Molecular species delimitation

The results for the whole dataset are as follows: i) the GMYC model identified a total of 24 entities (CI = 8-27), 12 of which are represented by singletons and 12 by clusters (CI = 2-13) (likelihood ratio test of the null against the mixed model: 5.4e-05, P < 0.001); ii) the PTP/bPTP method identified a total of 20 entities (CI = 16-25), and iii) the ABGD method, checked at the prior maximal distance (P = 0.001), identified 15 entities.

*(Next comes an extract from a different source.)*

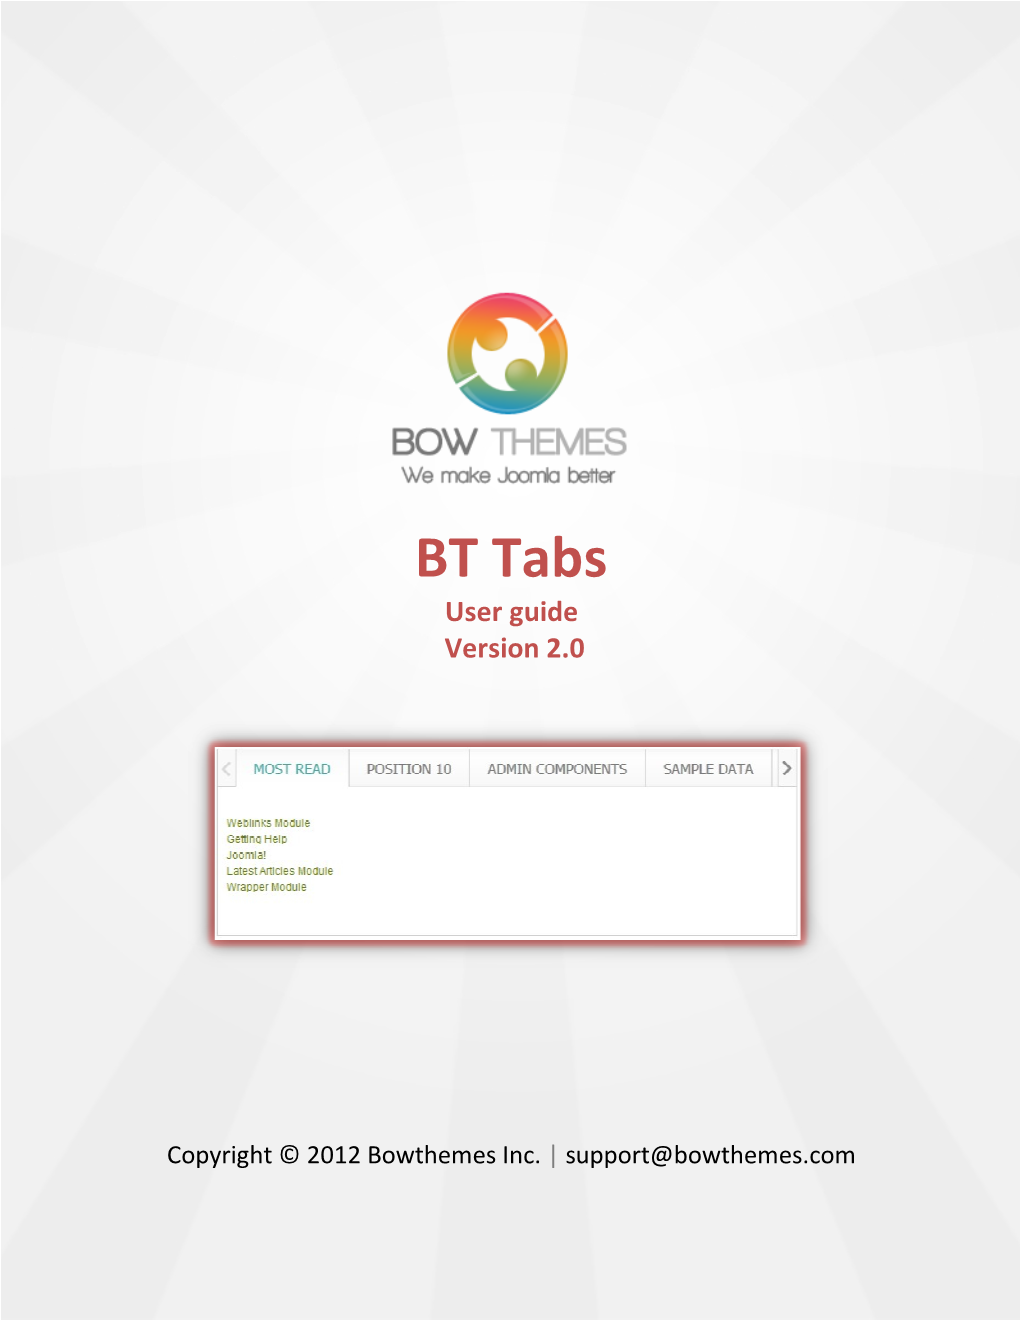 BT Tabs User Guide Version 2.0

Regarding the M. lineata complex i) the GMYC model found five entities among the Mediterranean samples and six in the Atlantic; ii) the PTP/bPTP model found a total of seven entities, three from the Mediterranean and four from the Atlantic; iii) the ABGD method found four entities in the Mediterranean and one in the Atlantic, and iv) the K/θ method delimited three and two entities from the Mediterranean and Atlantic, respectively. For details on the species delimitation results, see Fig. 4( and S8, S9, S10, S11.

FIG2

Fig. 4. Summary of the results obtained by all species delimitation methods applied. The first row refers to the six OTUs obtained in a previous paper (Casu and Curini-Galletti, 2004), here used as null hypothesis. For morphological and karyological datasets, colours and patterns inside the squares correspond to the clusters identified using Gaussian clustering to which specimens have been assigned, respectively. Only those individuals that have been successfully assigned to a cluster above the 95% probability threshold have been reported in the figure. Squares containing different colours or patterns correspond to populations in which individuals were successfully assigned to more than one cluster. Amount of colours or patterns is proportional to the number of individuals assigned to each cluster.